=== Requirement ===
Below are some records. Retype exactly the lines from the one containing "used jdm ek9" through the one containing "Tough dark grey", both included, skipping every picture.

=== Records shown ===
-------------------------

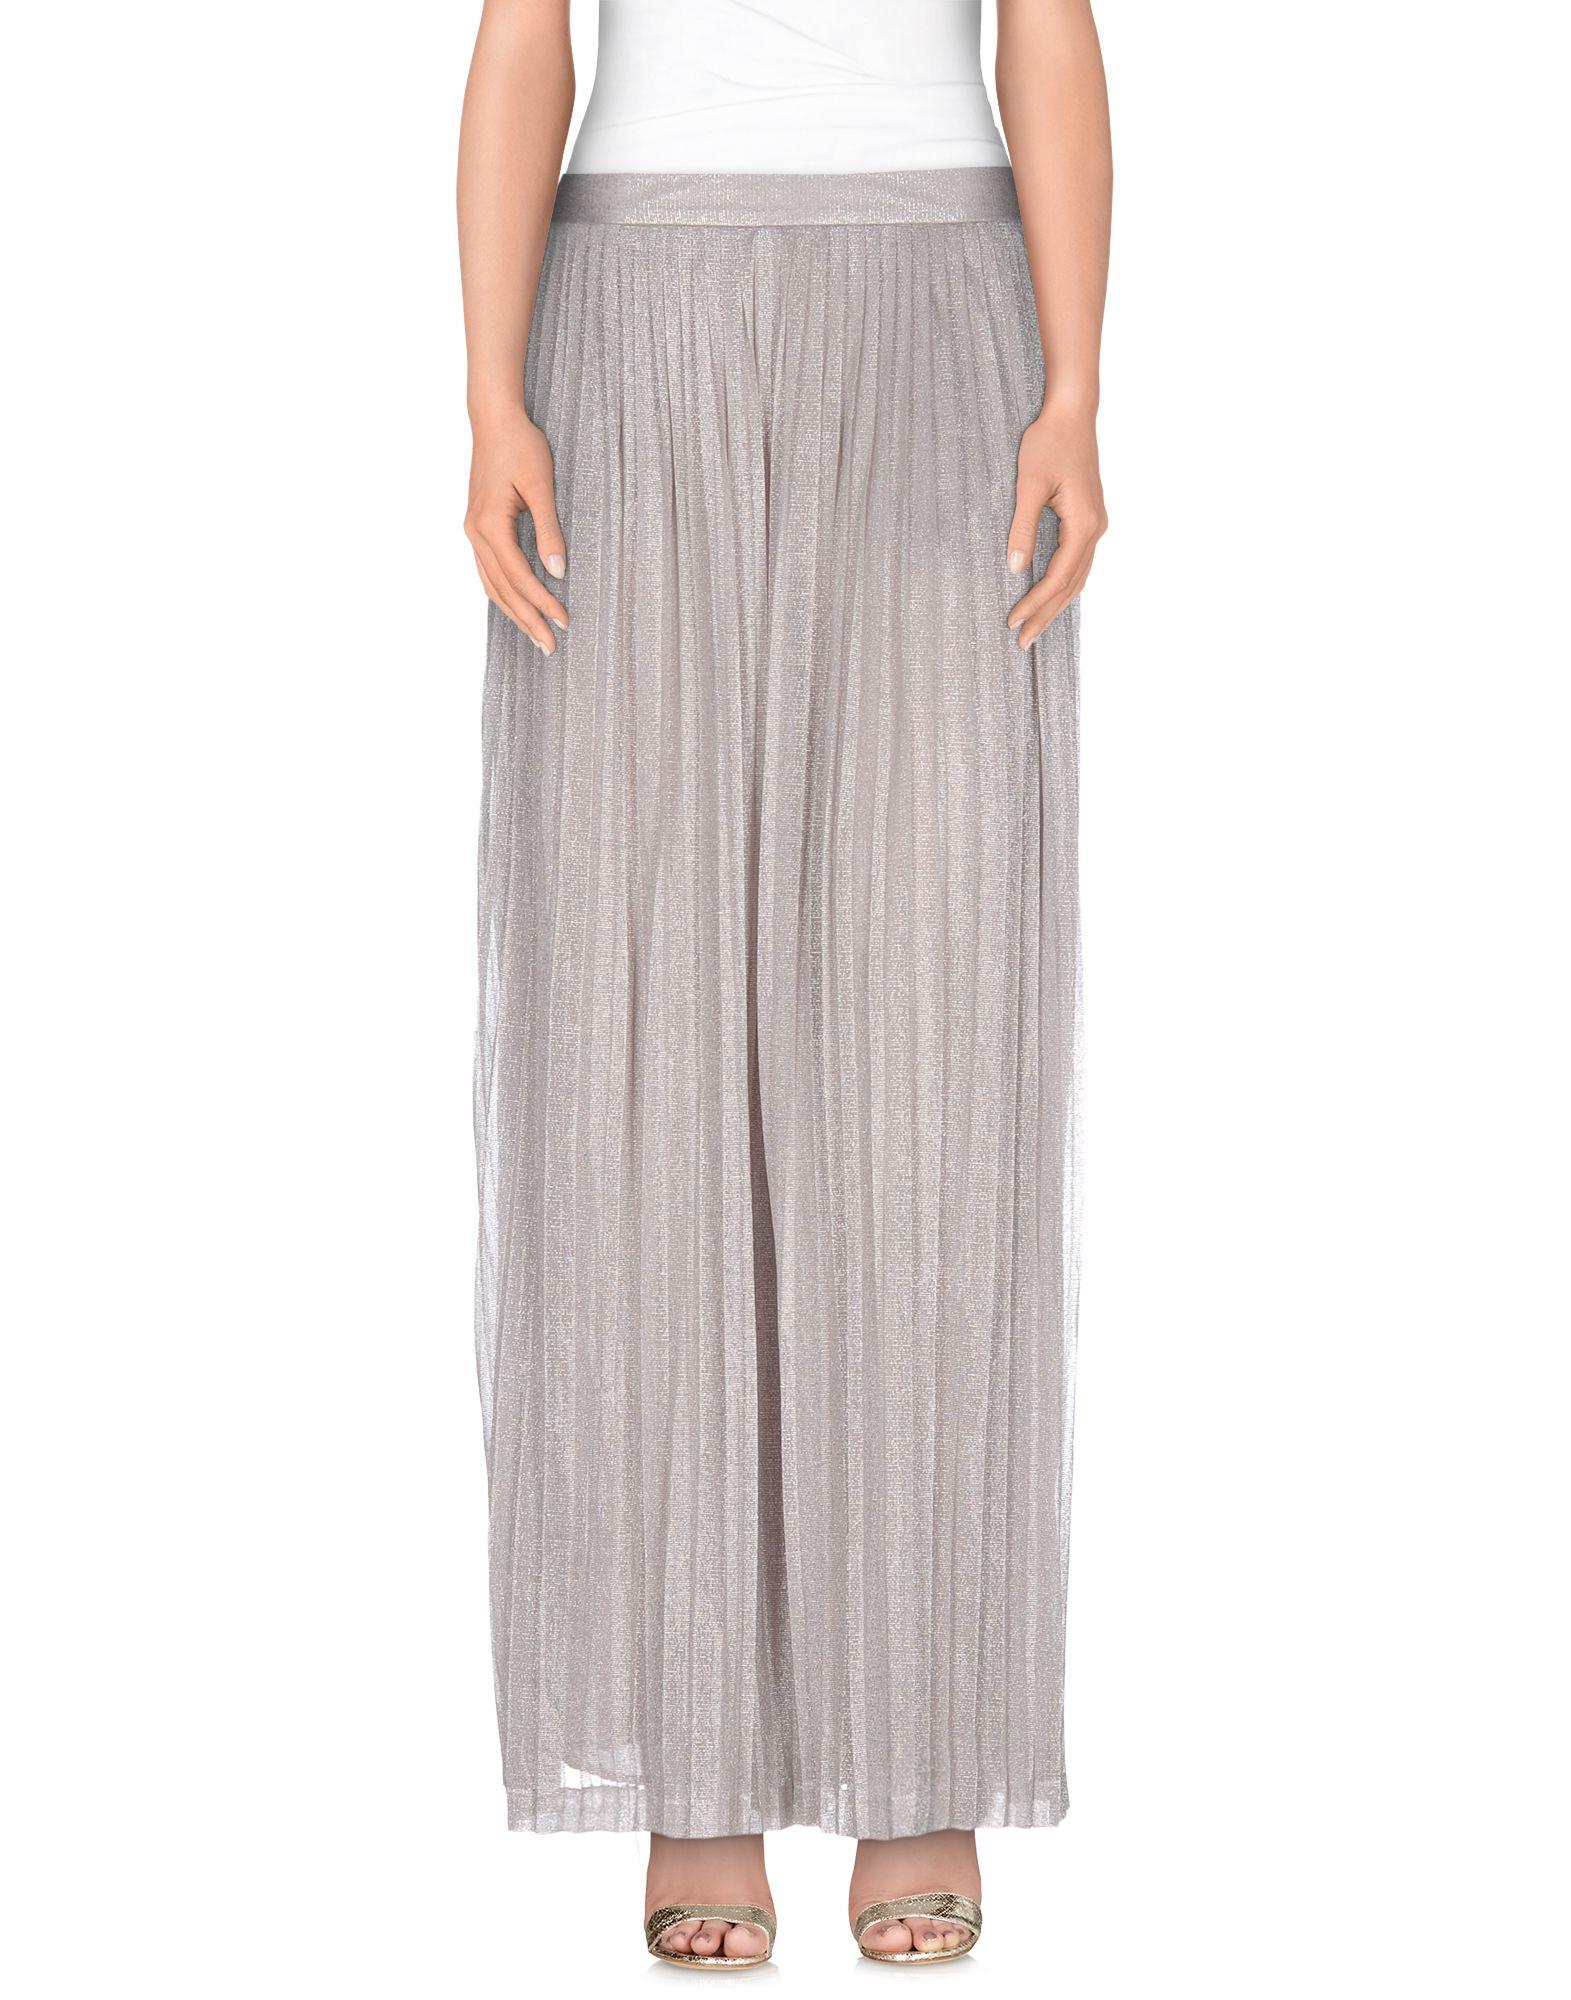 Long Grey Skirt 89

-------------------------

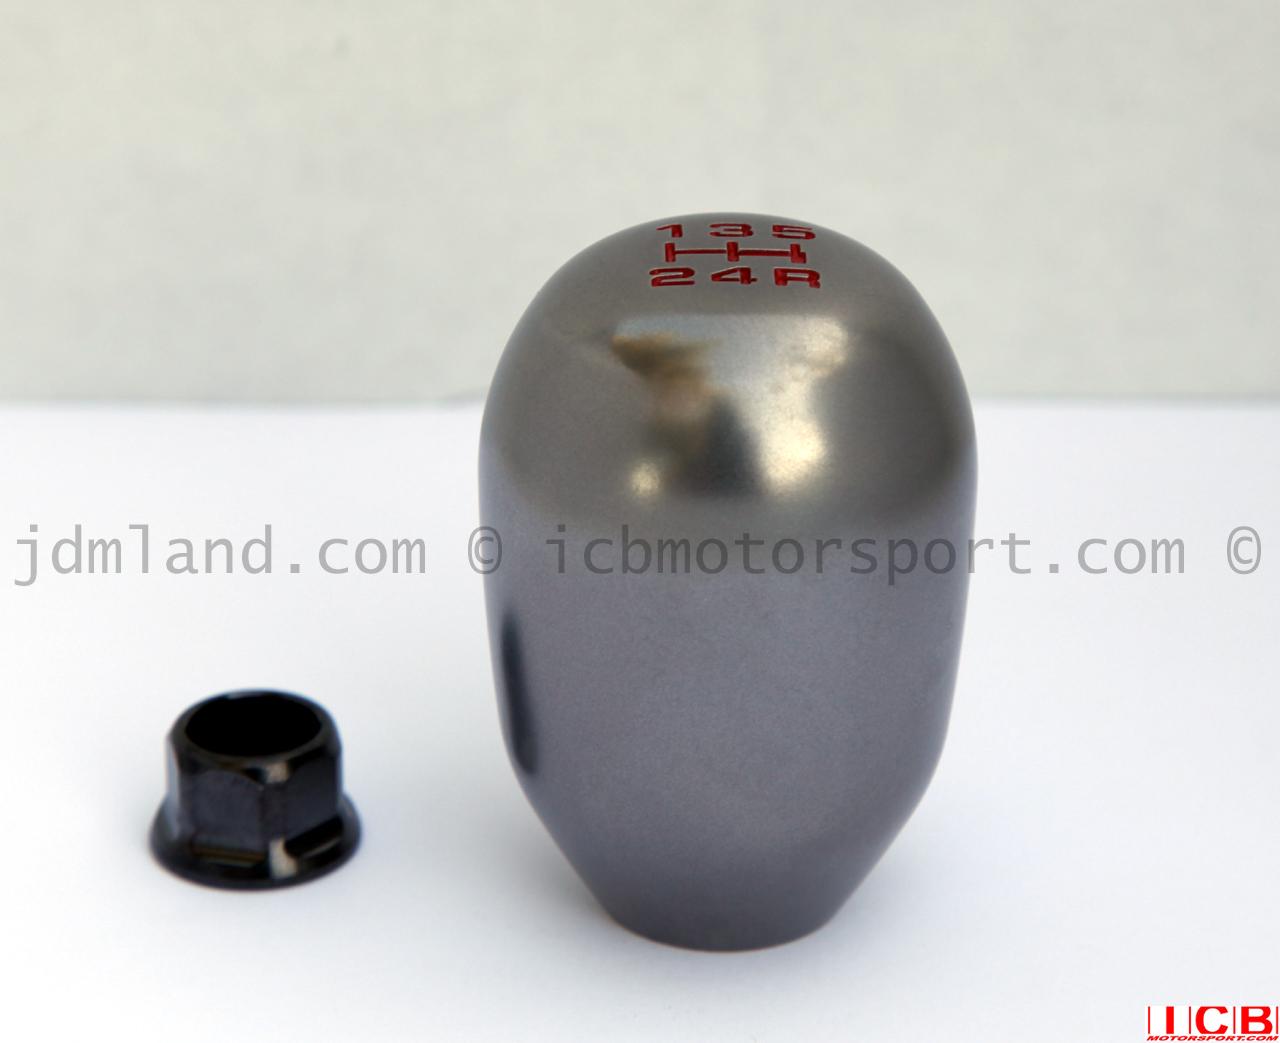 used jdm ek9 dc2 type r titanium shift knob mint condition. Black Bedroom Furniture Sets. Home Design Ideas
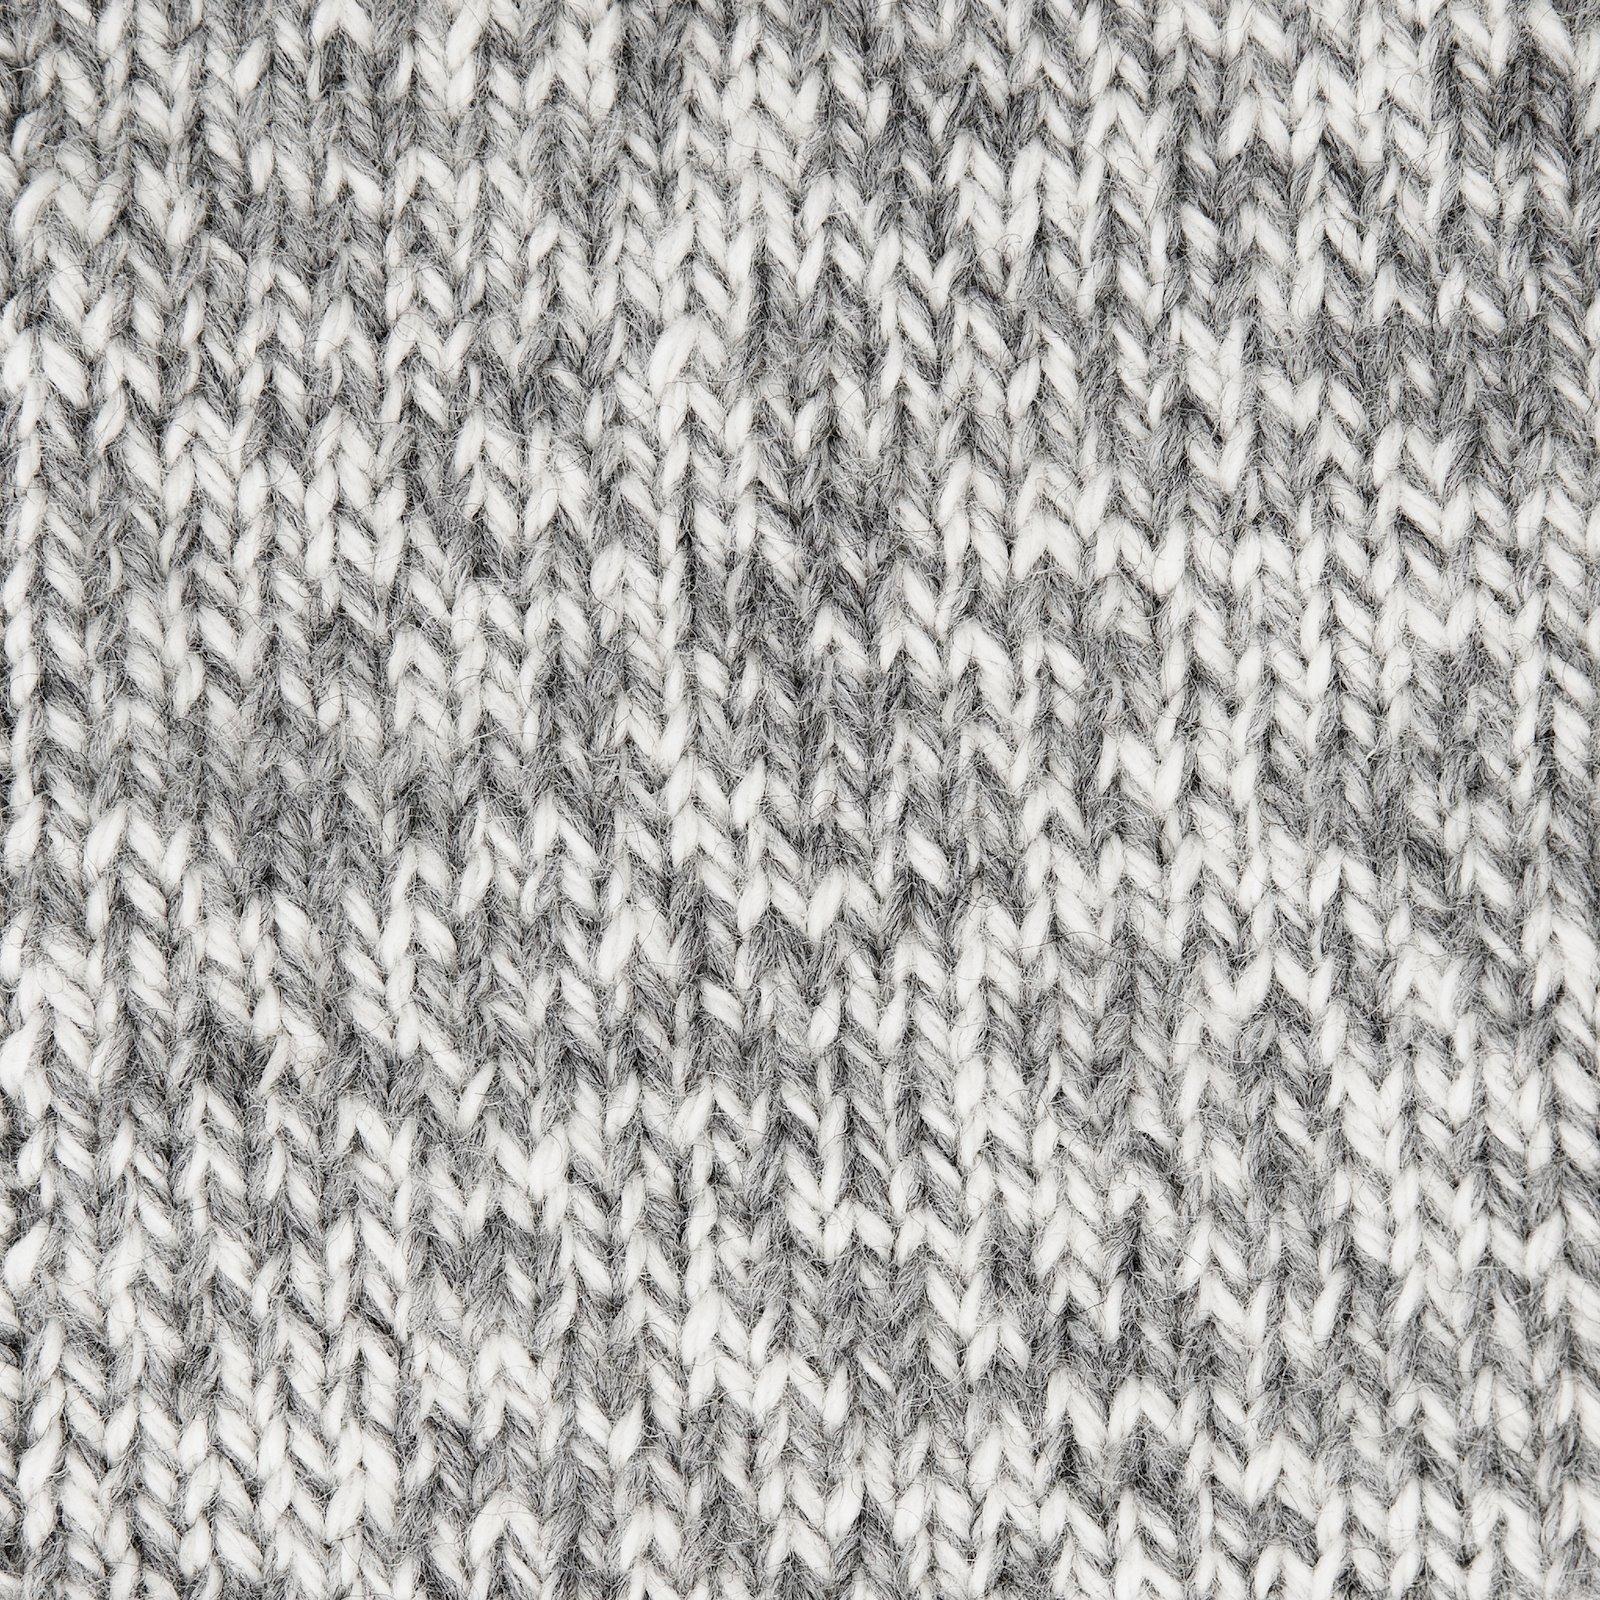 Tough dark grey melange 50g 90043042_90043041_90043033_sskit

-------------------------

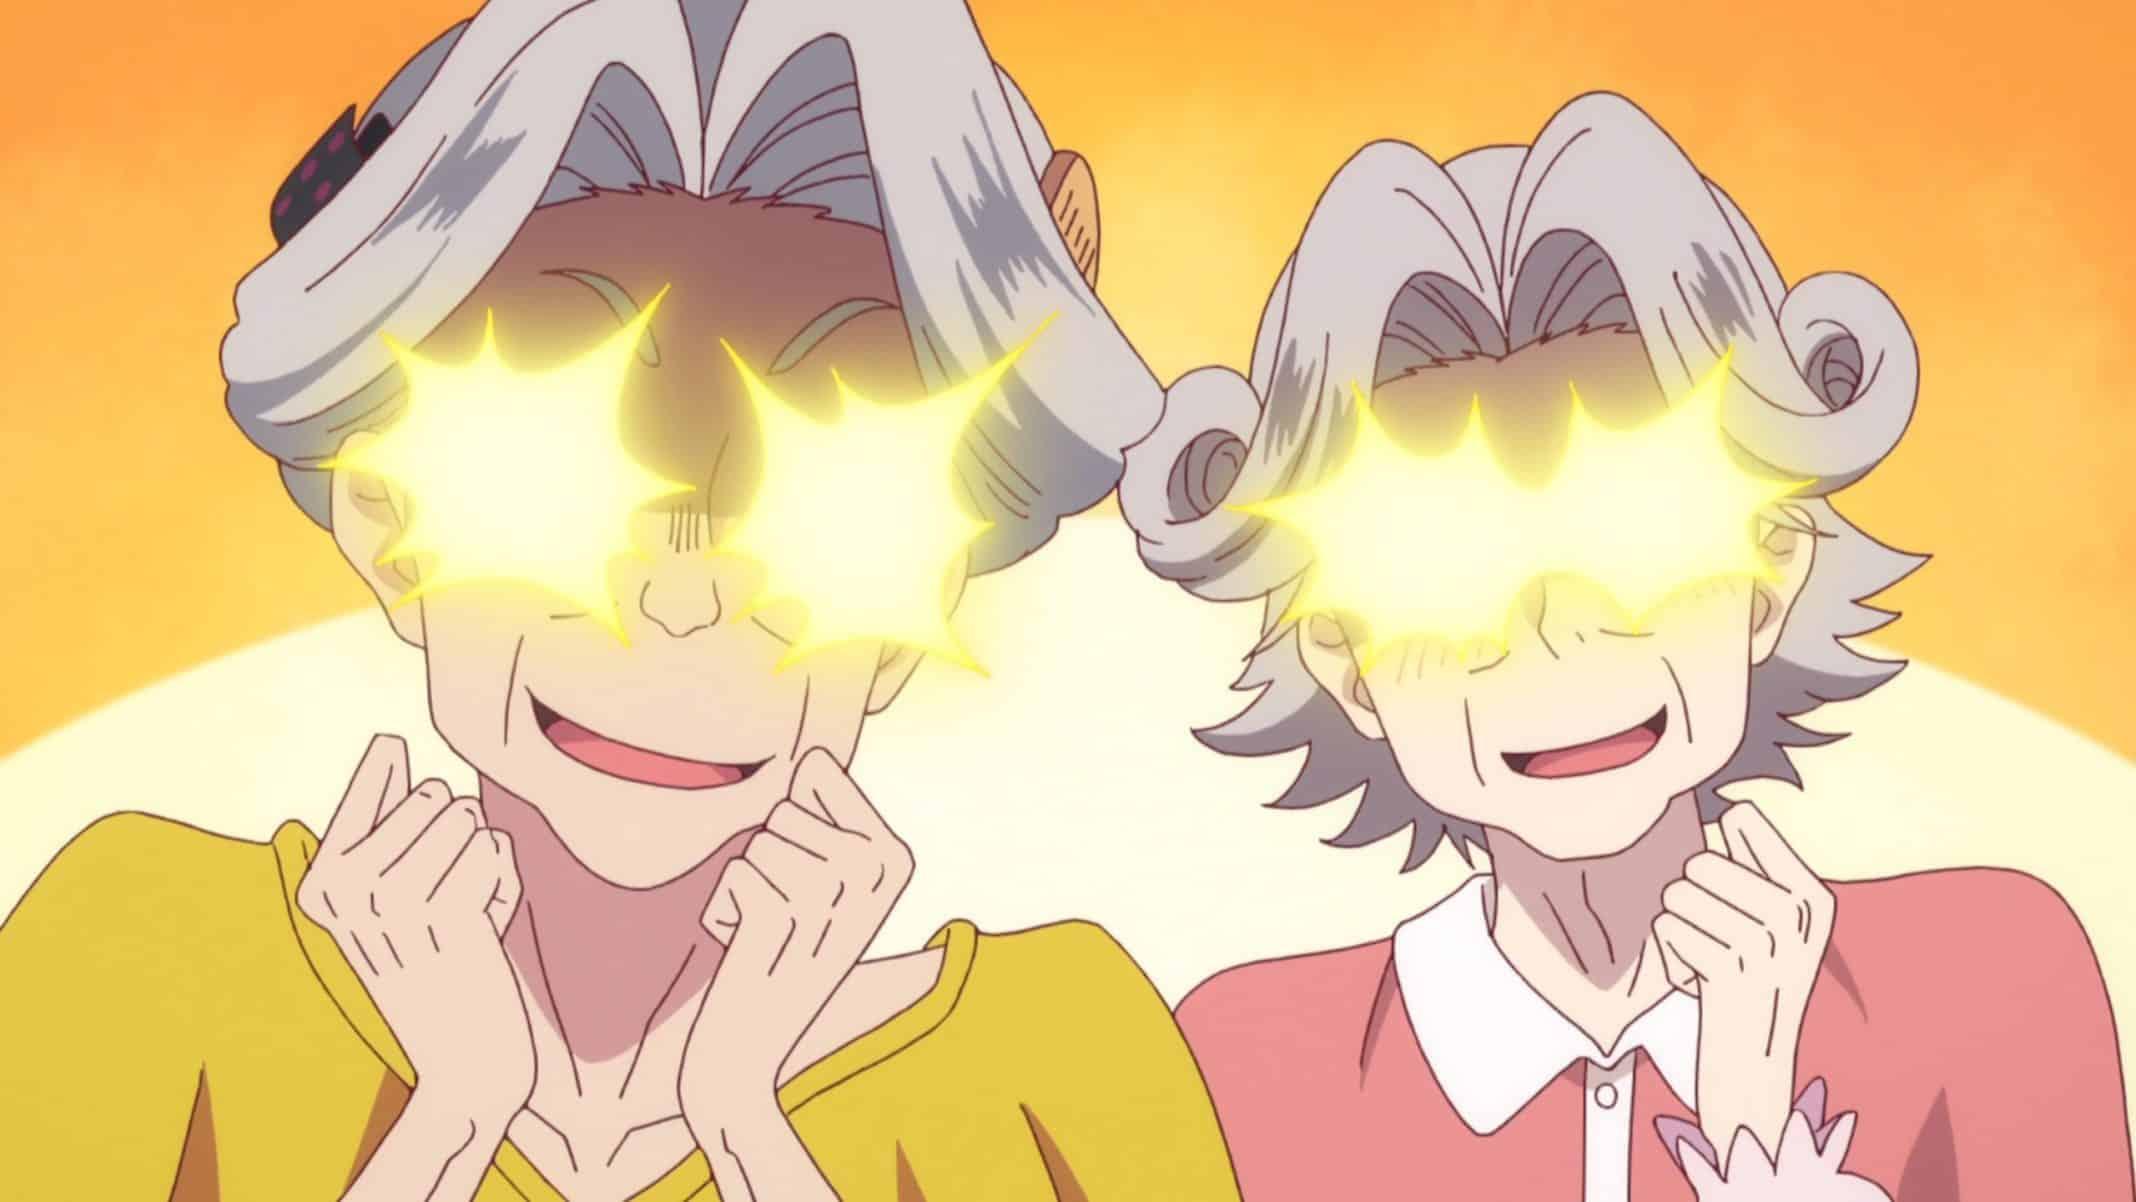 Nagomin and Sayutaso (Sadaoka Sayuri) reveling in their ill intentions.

-------------------------

=== Response to the task ===
 used jdm ek9 dc2 type r titanium shift knob mint condition. Black Bedroom Furniture Sets. Home Design Ideas
 Tough dark grey melange 50g 90043042_90043041_90043033_sskit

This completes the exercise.